Give all the lines below again, exactly, with no pictures.

Dataset section -
========================================

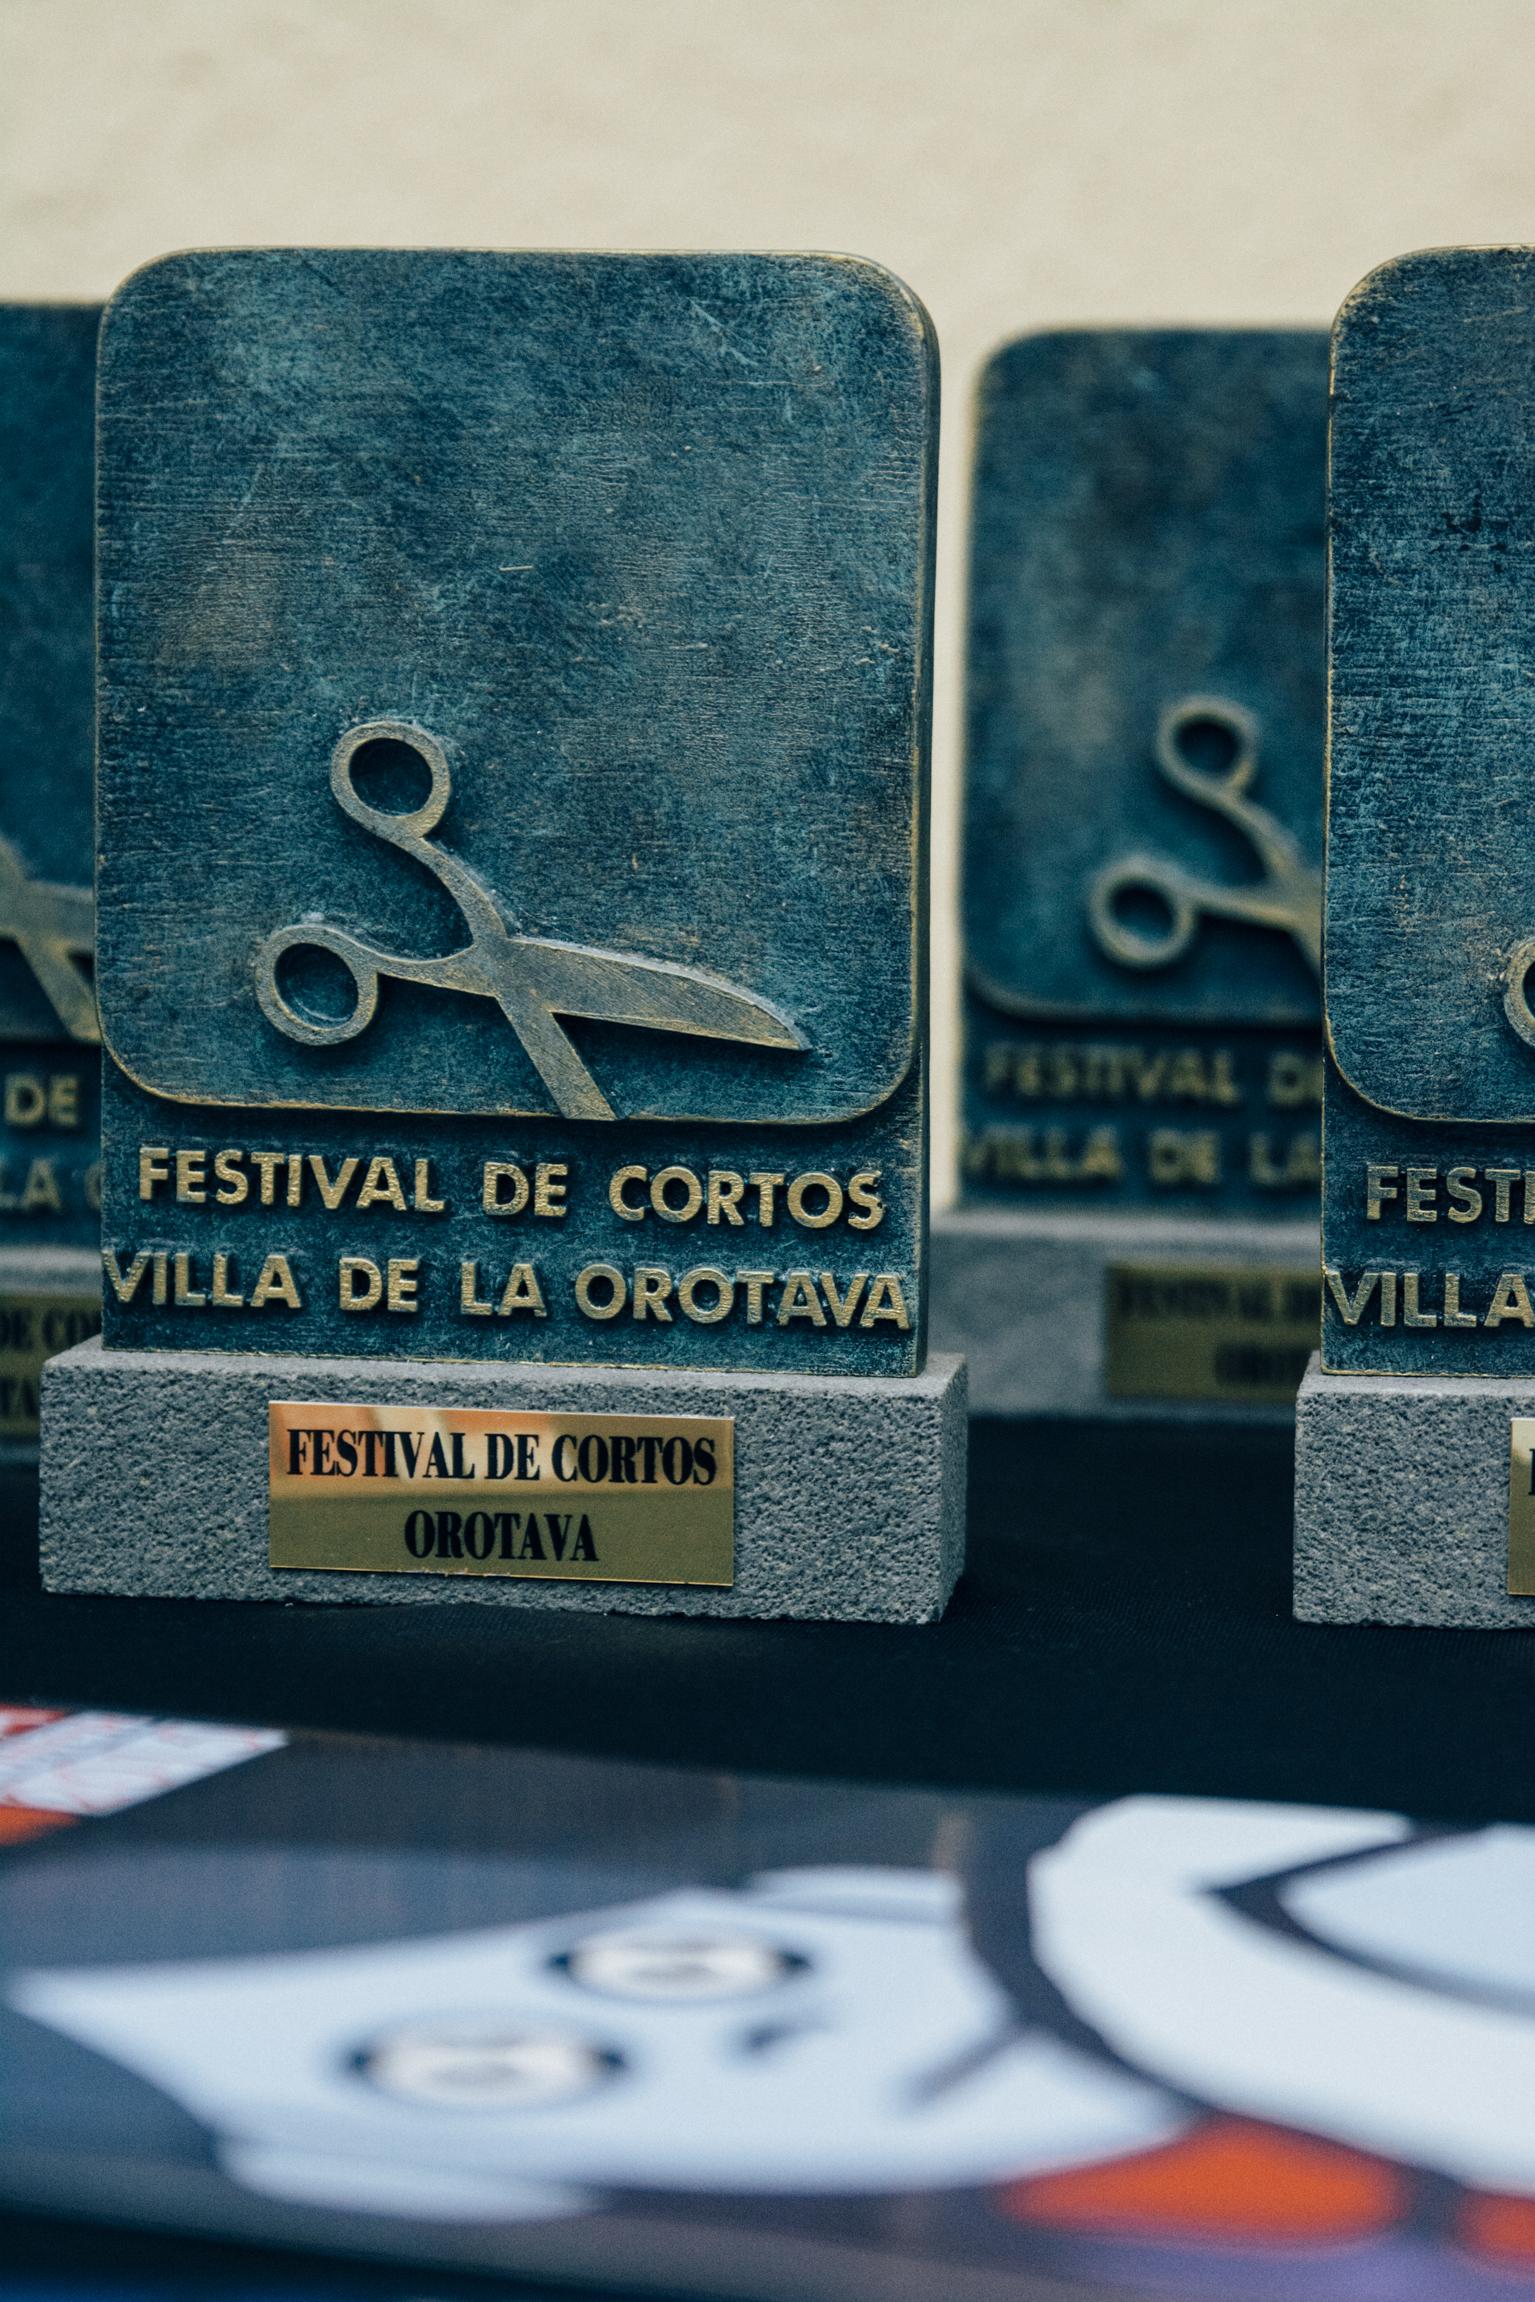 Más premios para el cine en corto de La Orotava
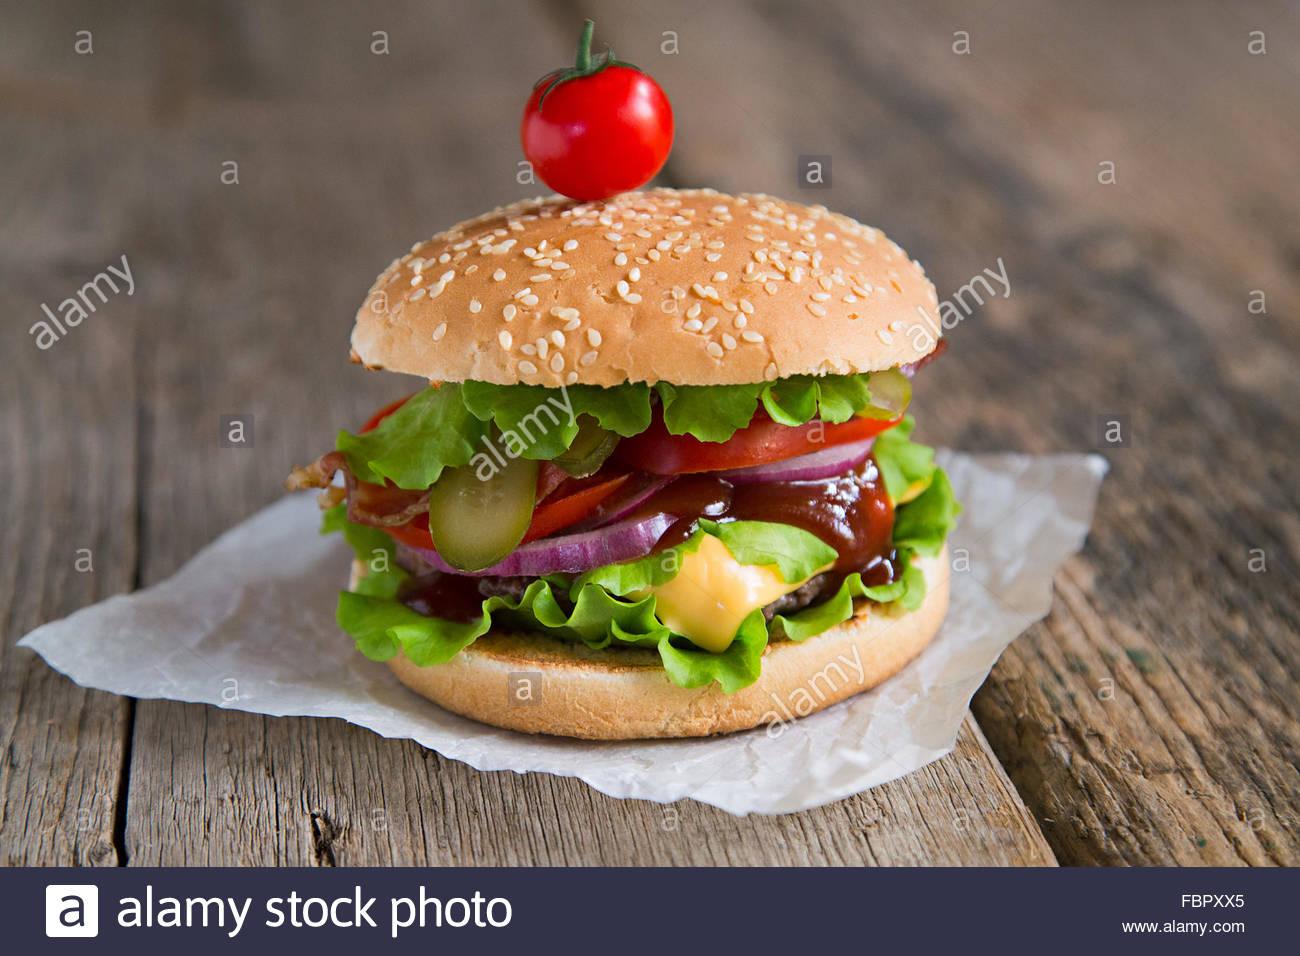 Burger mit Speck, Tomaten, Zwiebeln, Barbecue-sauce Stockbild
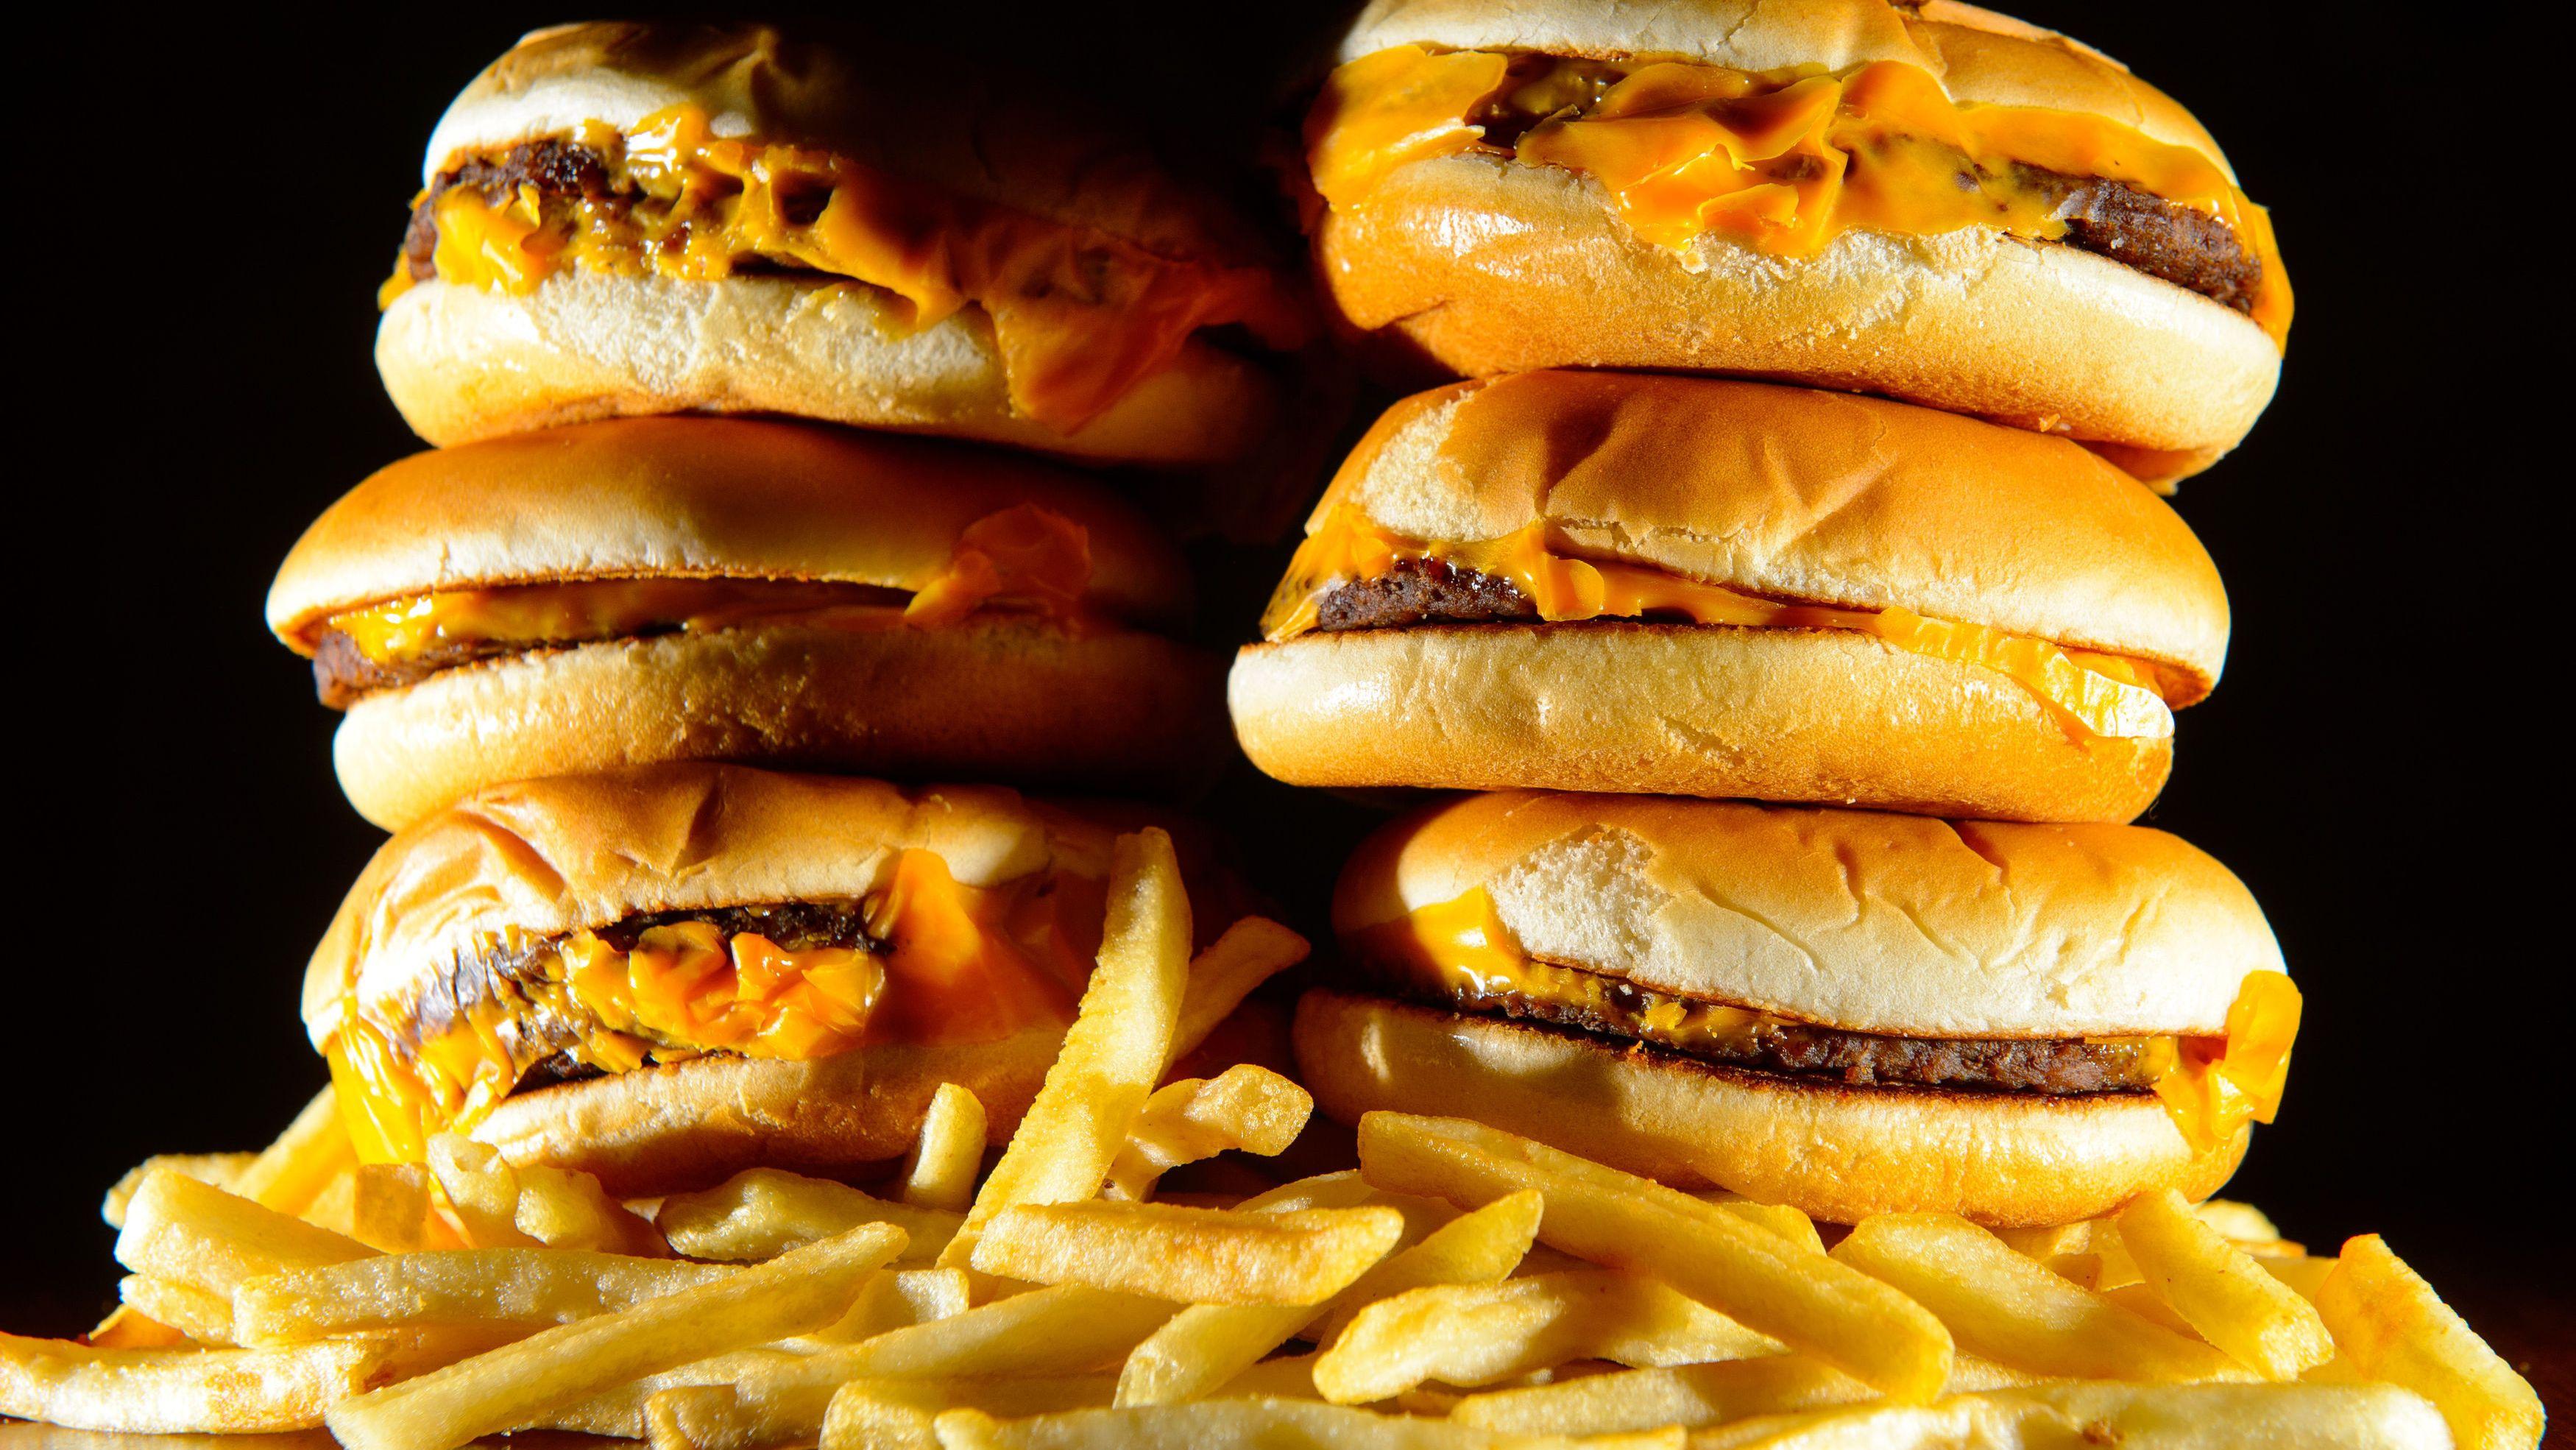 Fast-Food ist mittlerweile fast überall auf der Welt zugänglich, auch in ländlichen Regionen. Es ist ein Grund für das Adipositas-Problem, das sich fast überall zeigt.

========================================

Response -
 Más premios para el cine en corto de La Orotava
 Burger mit Speck, Tomaten, Zwiebeln, Barbecue-sauce Stockbild
 Fast-Food ist mittlerweile fast überall auf der Welt zugänglich, auch in ländlichen Regionen. Es ist ein Grund für das Adipositas-Problem, das sich fast überall zeigt.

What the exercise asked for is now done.